# Here's Hooch!!



## RickGibbs (Dec 16, 2005)

Yeah.....he looks like a ham....posing for the camera...


----------



## PeggyK (Apr 16, 2005)

He looks like he LOVES the camera!!! And he definiteky looks like a happy fella!


----------



## kra (Oct 2, 2006)

Yep, that's a four legged HAM! Happy and go lucky as they get!
Nice picture!


----------



## vrocco1 (Feb 25, 2006)

LOL, he is cute. I'd say ham describes him perfectly.


----------



## maryjean (Jul 13, 2005)

LOl...he is just like my brutus! In his pic his head is always held like just like that!

mary jean


----------



## Lexie's Mom (Dec 14, 2005)

He does look cheesy in that picture. He loves the camera. Rotties always look like they are smiling. He is quite the sweetheart. Very gentle and calm. Him and Lexie get along wonderfully. Lexie is only about 70 lbs maybe even 65 but she is the boss of him. It's so funny.


----------



## RickGibbs (Dec 16, 2005)

Lexie's Mom said:


> Him and Lexie get along wonderfully. Lexie is only about 70 lbs maybe even 65 but she is the boss of him. It's so funny.


Well, that's real life, though, right?


----------



## Lexie's Mom (Dec 14, 2005)

I didn't say you could speak Rick LOL


----------



## RickGibbs (Dec 16, 2005)

Lexie's Mom said:


> I didn't say you could speak Rick LOL


So sorry, ma'am. I should've asked first....:


----------



## Lexie's Mom (Dec 14, 2005)

Next time, email or pm first before posting sir LOL


----------



## heidi_pooh (Feb 9, 2006)

Hooch just has this look on his face like, "How can I get Mommy to crack her head open this time?"


----------



## RickGibbs (Dec 16, 2005)

heidi_pooh said:


> Hooch just has this look on his face like, "How can I get Mommy to crack her head open this time?"
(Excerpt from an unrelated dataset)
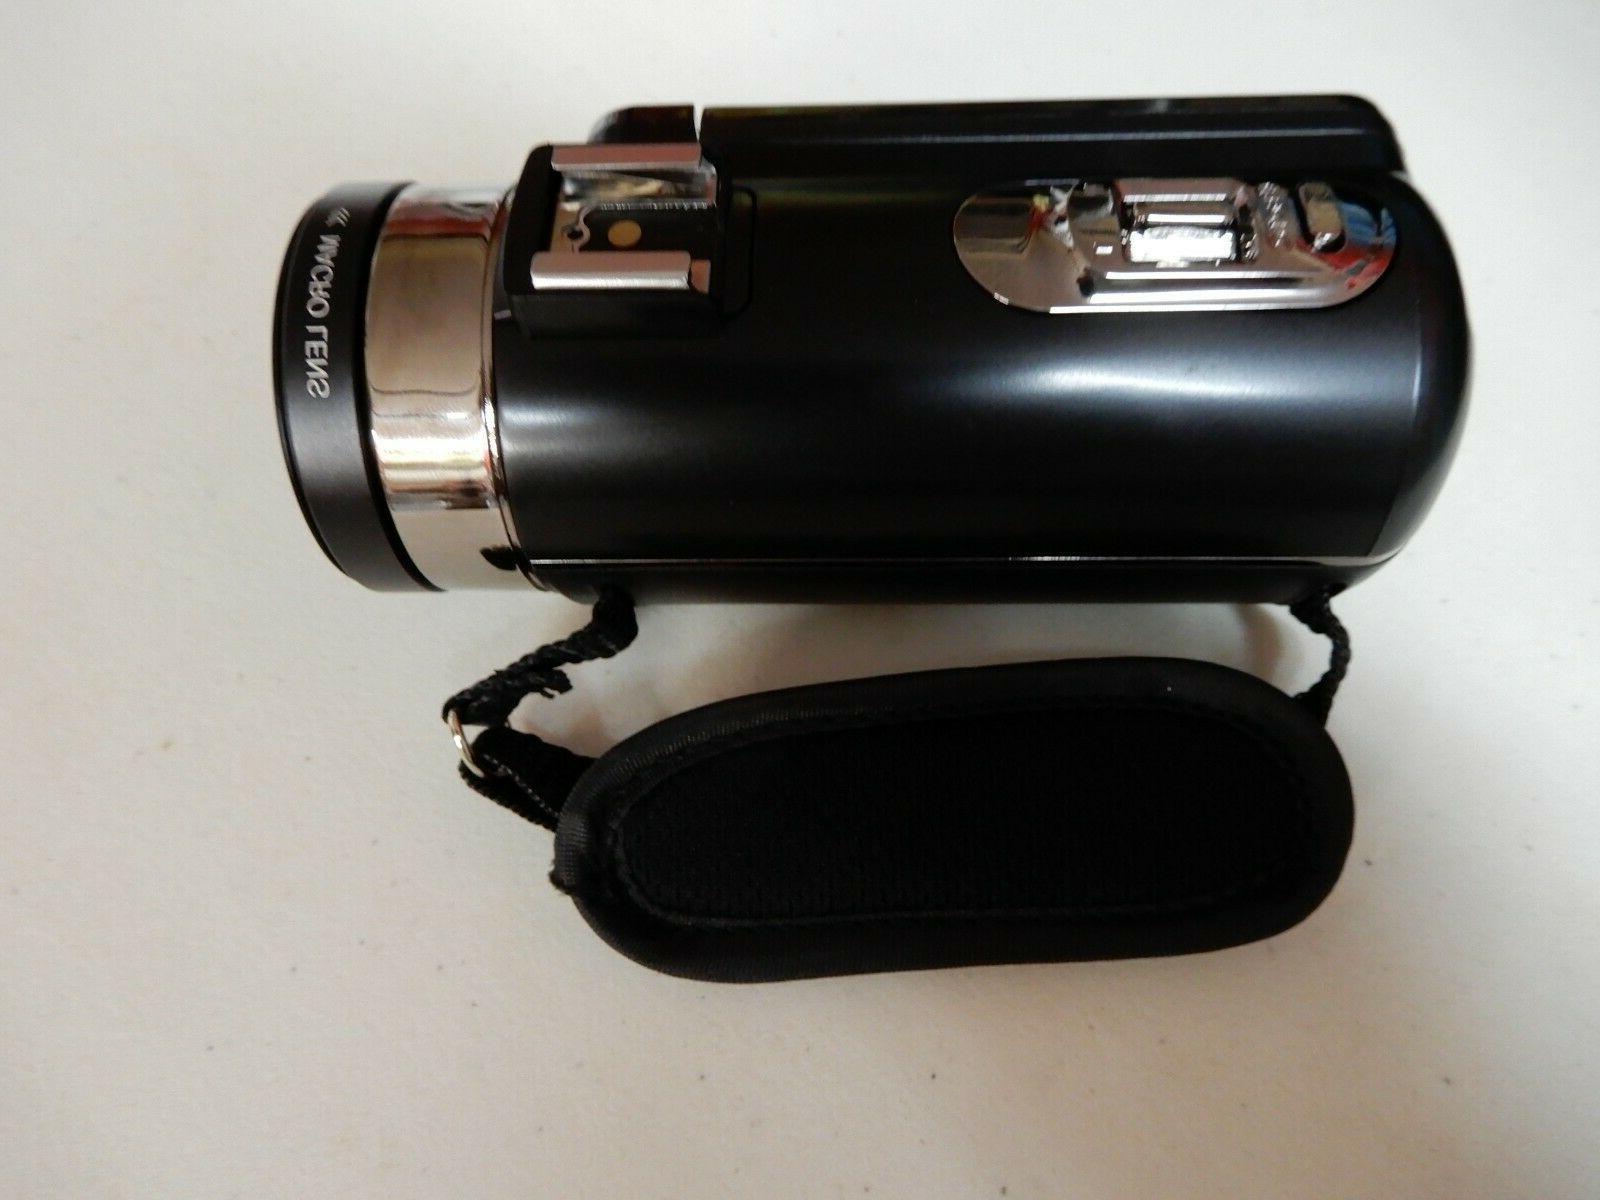 Besteker Full HD HDV 301STR with Microphone
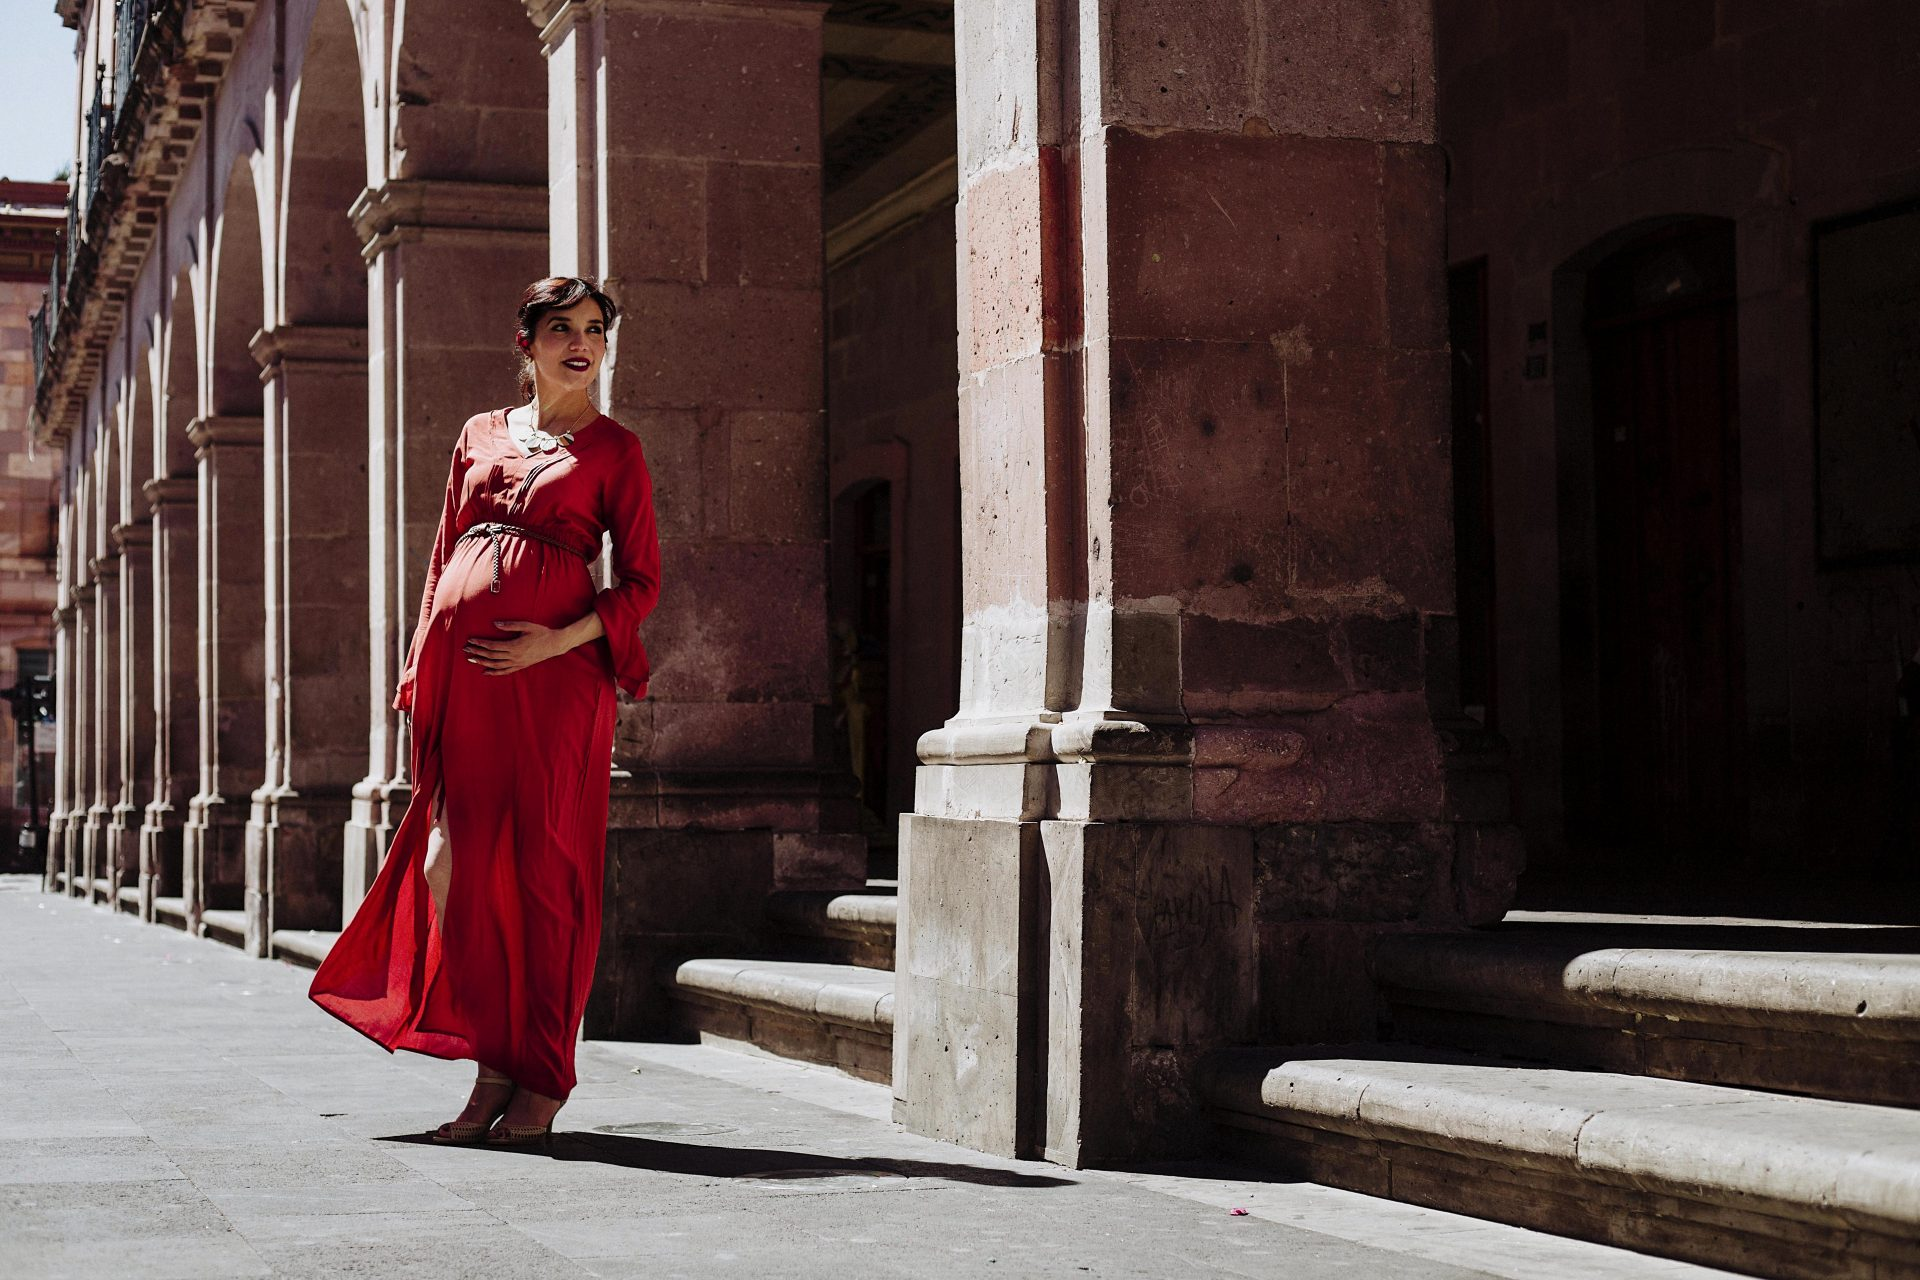 fotógrafo_profesional_bodas_zacatecas_mexico_casual_xv_embarazo-12

:lol: Yeah......I forgot about that..... How's the skull doing, anyway?


----------



## heidi_pooh (Feb 9, 2006)

:banghead: :banghead: :banghead: :banghead: :banghead: :banghead: :banghead: :banghead: :banghead:


----------



## RickGibbs (Dec 16, 2005)

heidi_pooh said:


> :banghead: :banghead: :banghead: :banghead: :banghead: :banghead: :banghead: :banghead: :banghead:


Yep.....that's the Lisa smiley.... :banghead:


----------



## Lexie's Mom (Dec 14, 2005)

LOL It's 6am here and i turned on the PC to see what's going on. LOL Nothing like a good laugh when you first wake up. 

My head is good, thank you!!!


----------



## RickGibbs (Dec 16, 2005)

Lexie's Mom said:


> My head is good, thank you!!!


Well, I'm glad it got a laugh out of you. You got your own smiley out of the deal.....


----------